§ **DIRECTIONS**
The data below should be transcribed in full, with no picture included.

Top of DATASET CONTENT

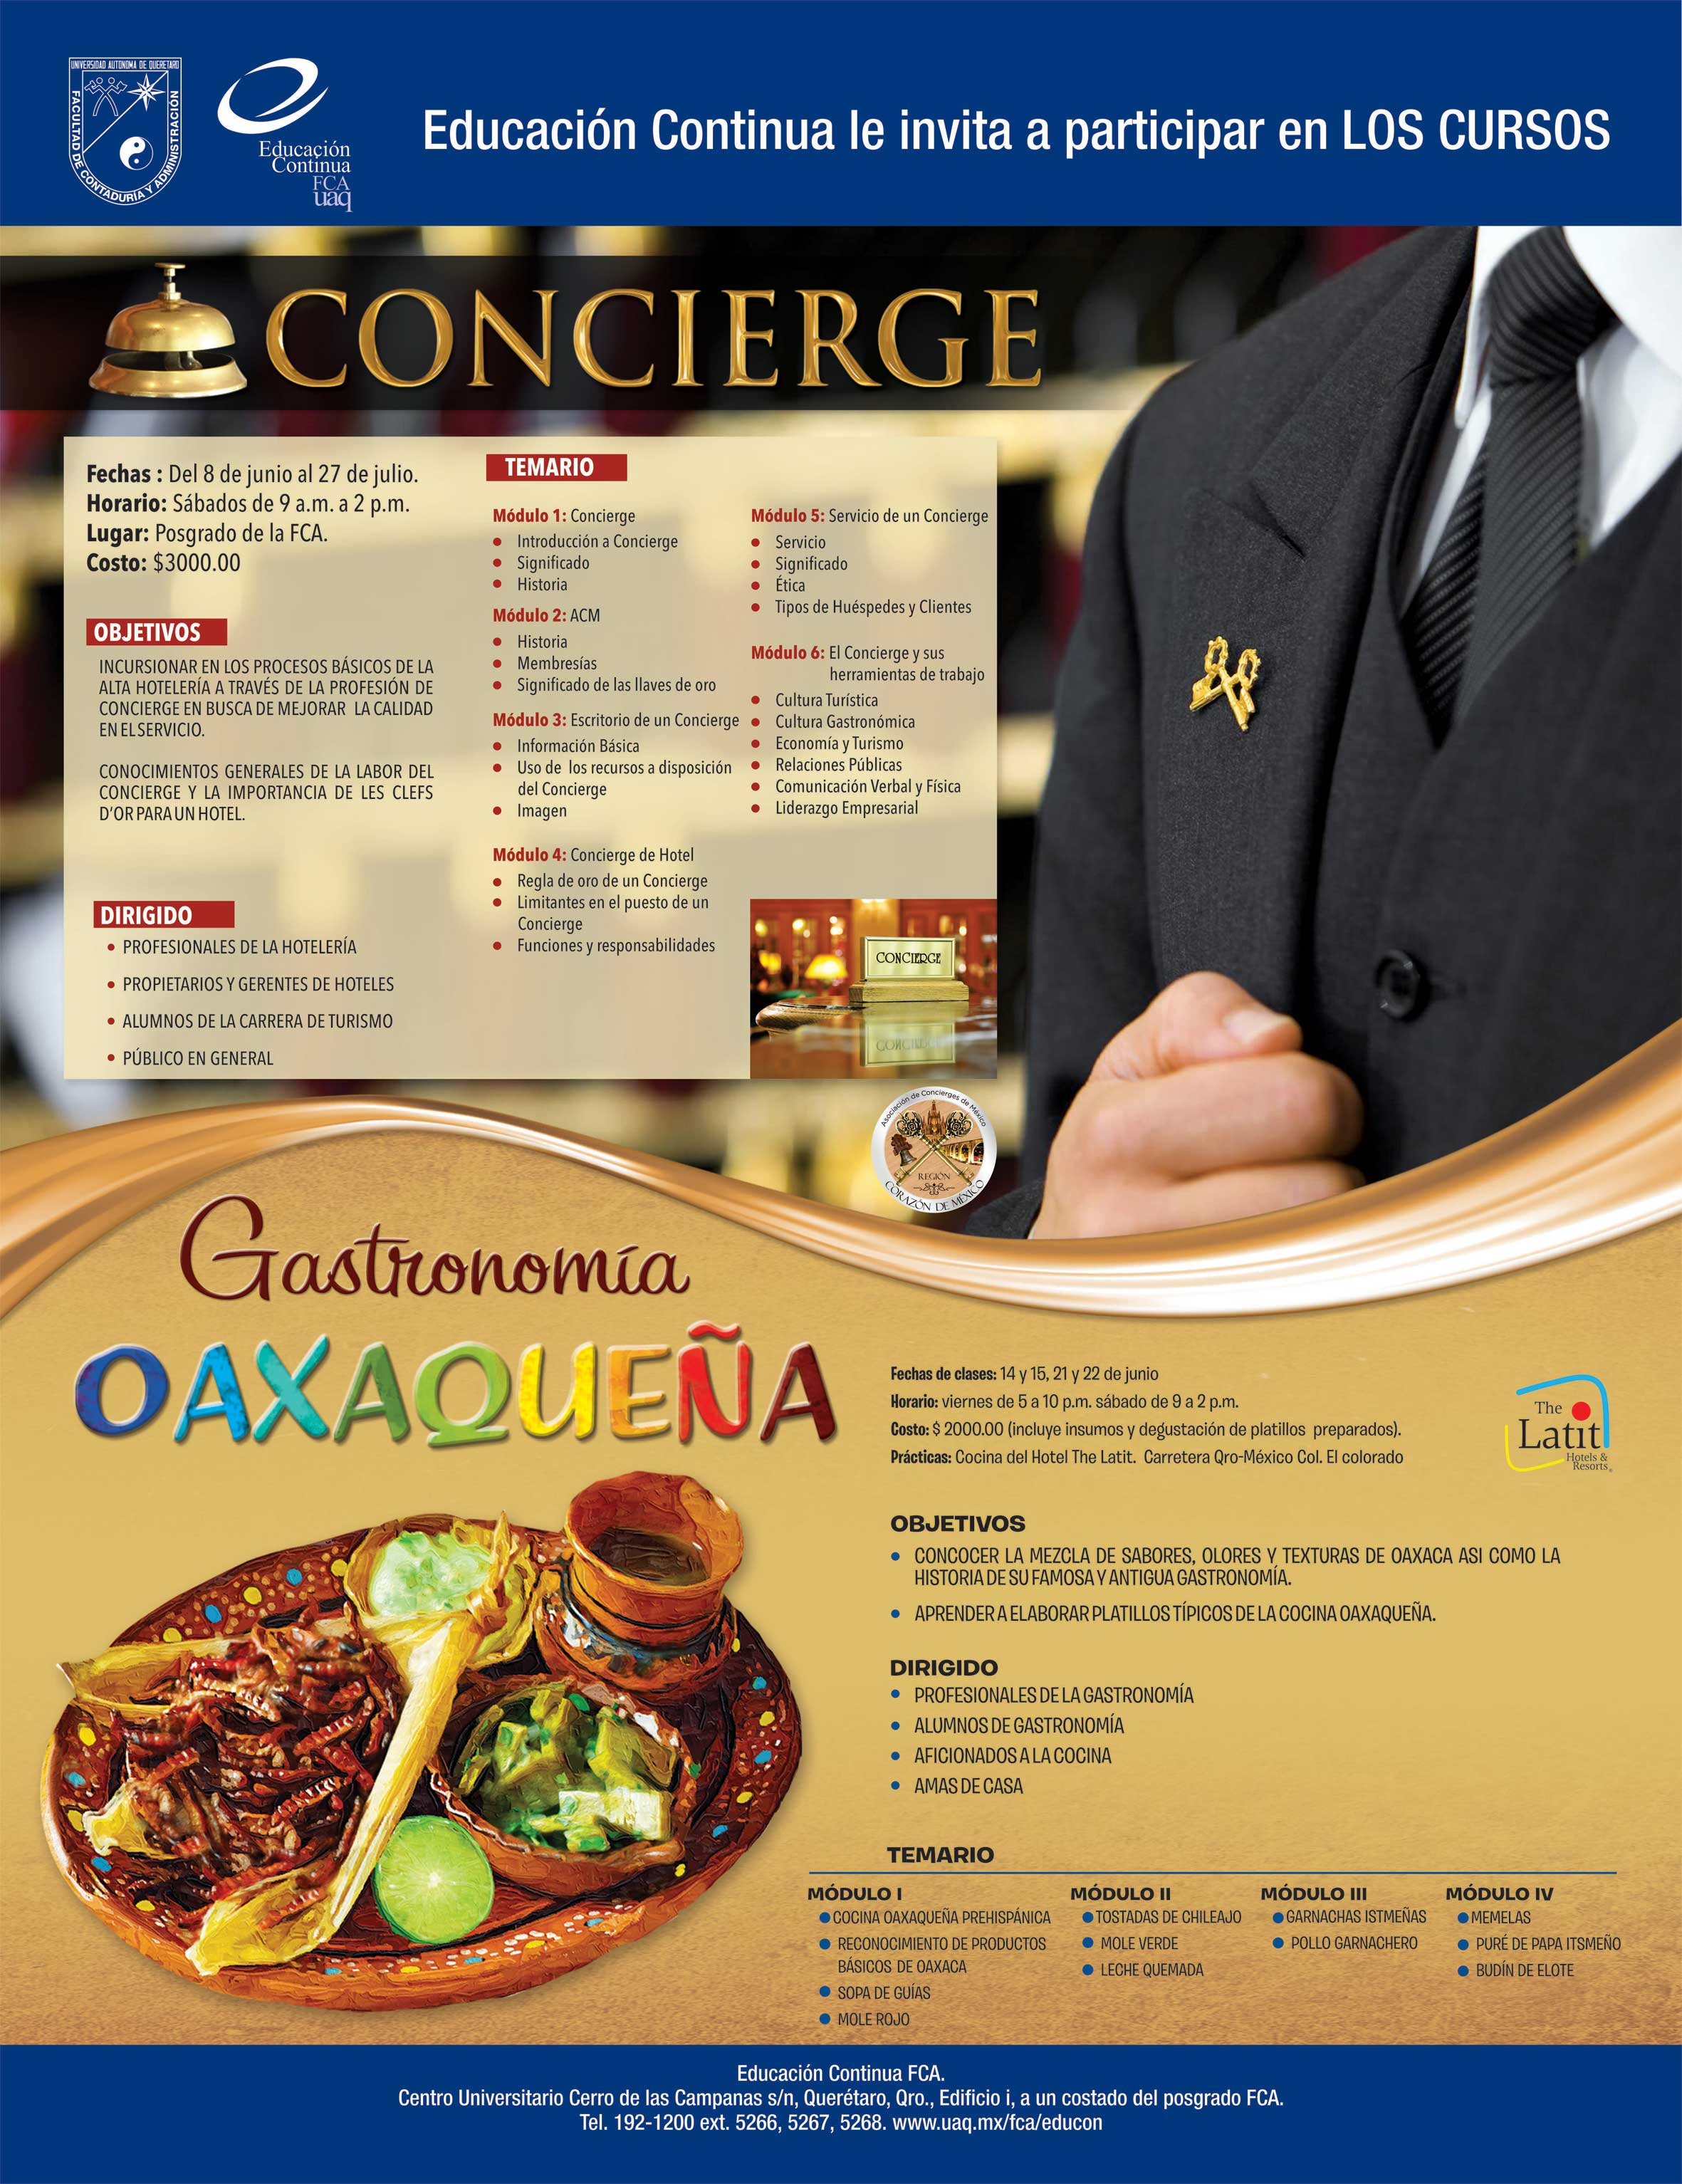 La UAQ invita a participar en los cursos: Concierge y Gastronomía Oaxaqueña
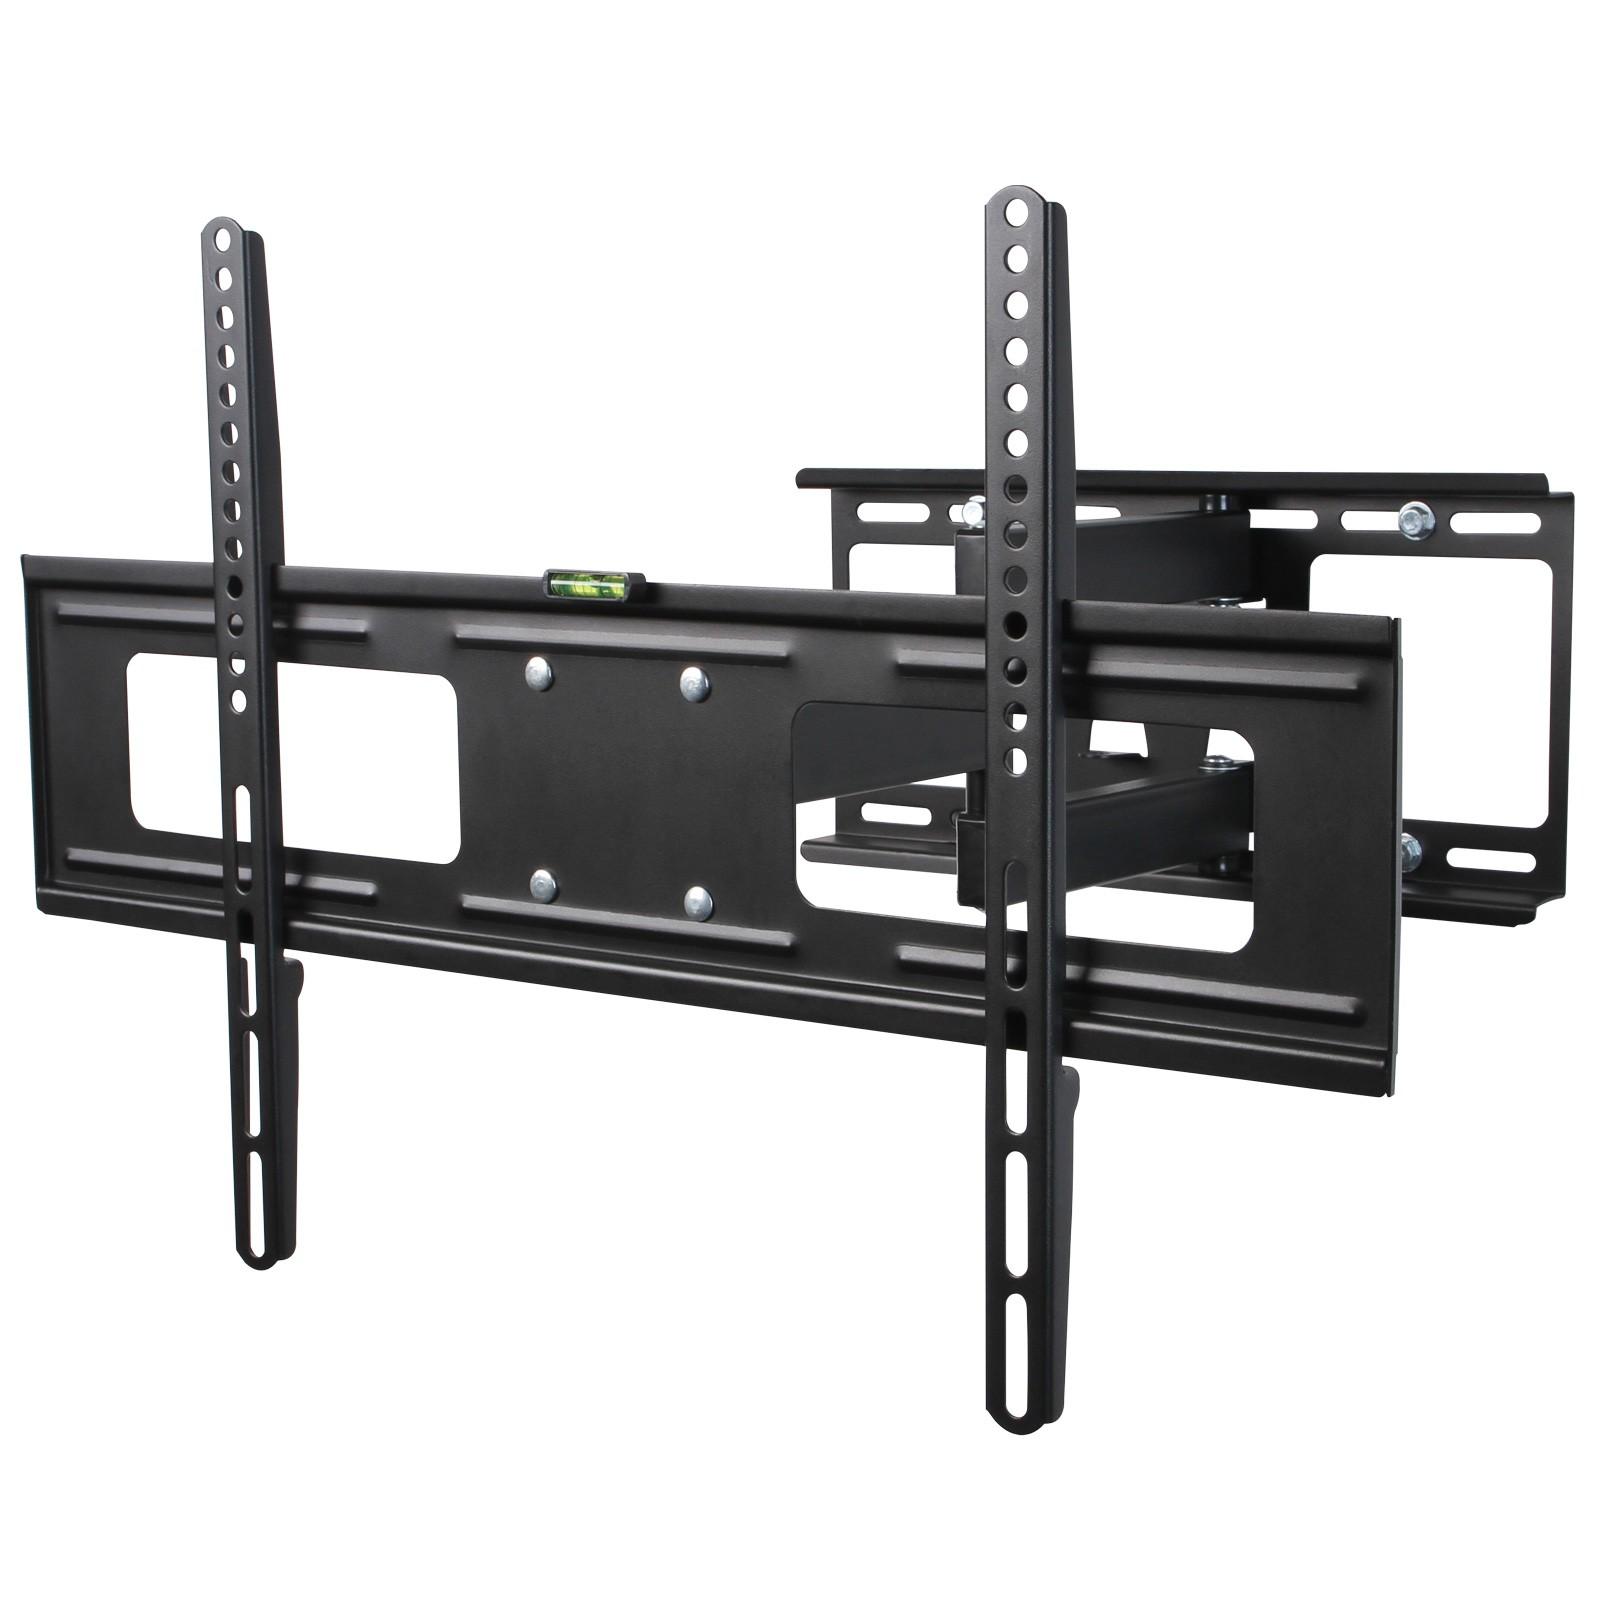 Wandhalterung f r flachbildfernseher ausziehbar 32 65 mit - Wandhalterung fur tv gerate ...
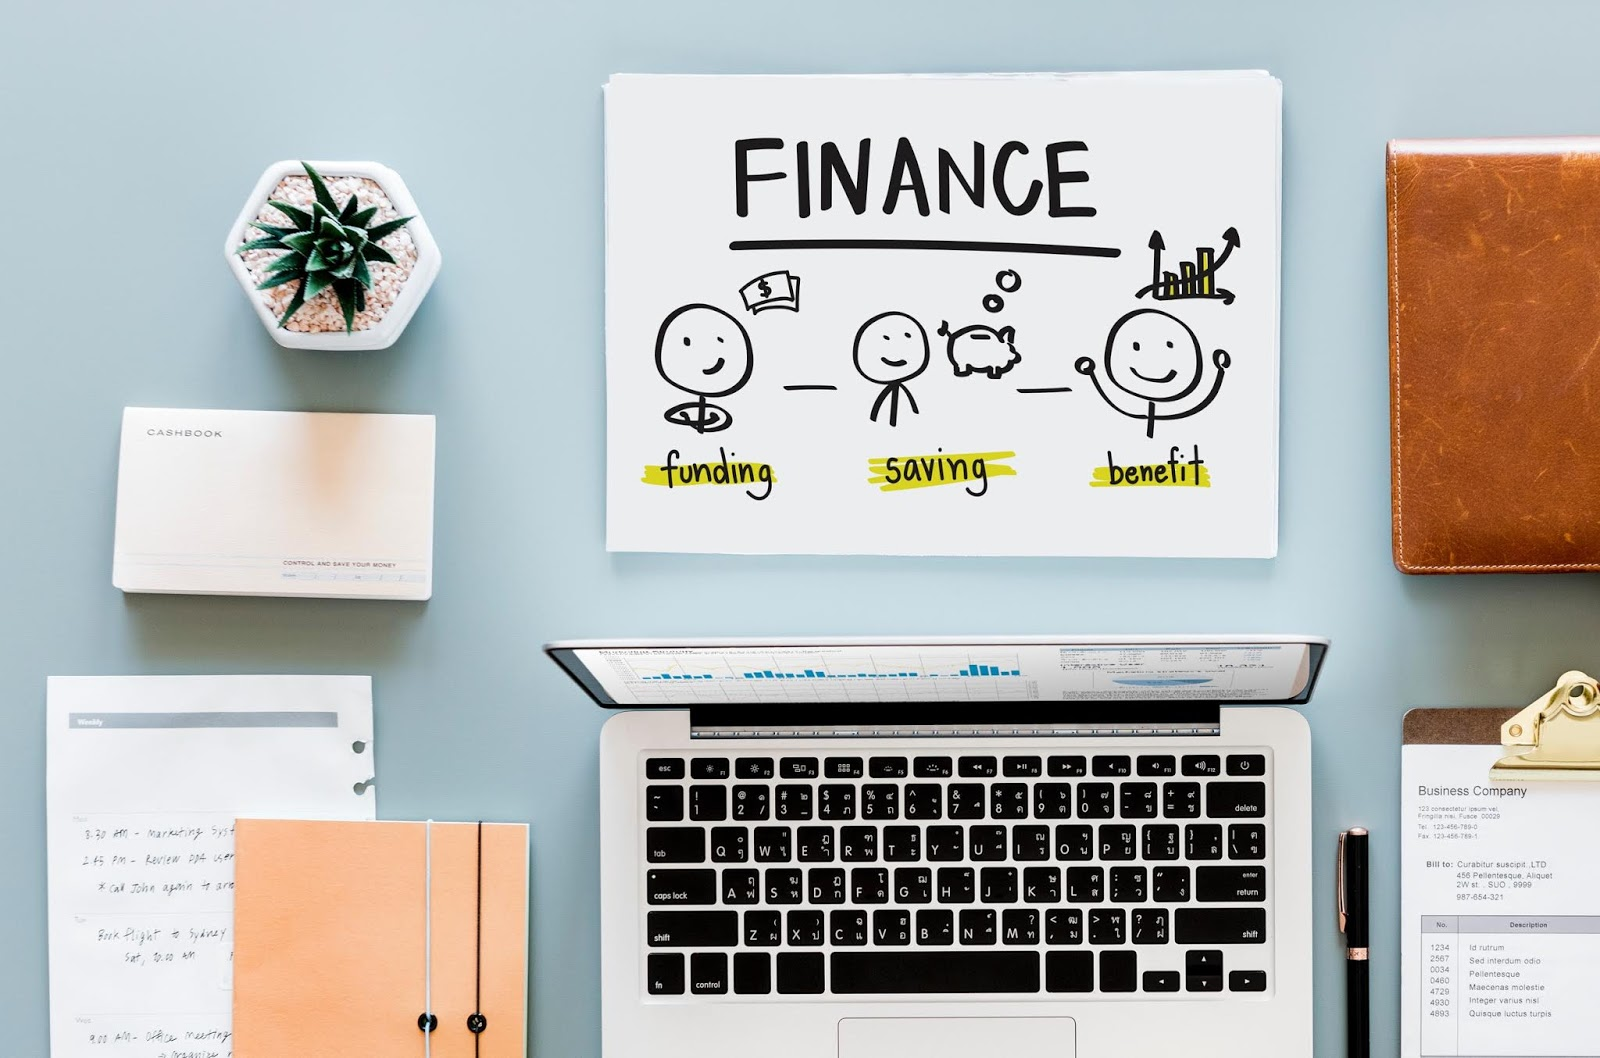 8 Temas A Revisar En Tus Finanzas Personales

Bottom of DATASET CONTENT

§ **OUTPUT FOR THIS TASK**
 La UAQ invita a participar en los cursos: Concierge y Gastronomía Oaxaqueña
 Wandhalterung f r flachbildfernseher ausziehbar 32 65 mit - Wandhalterung fur tv gerate ...
 8 Temas A Revisar En Tus Finanzas Personales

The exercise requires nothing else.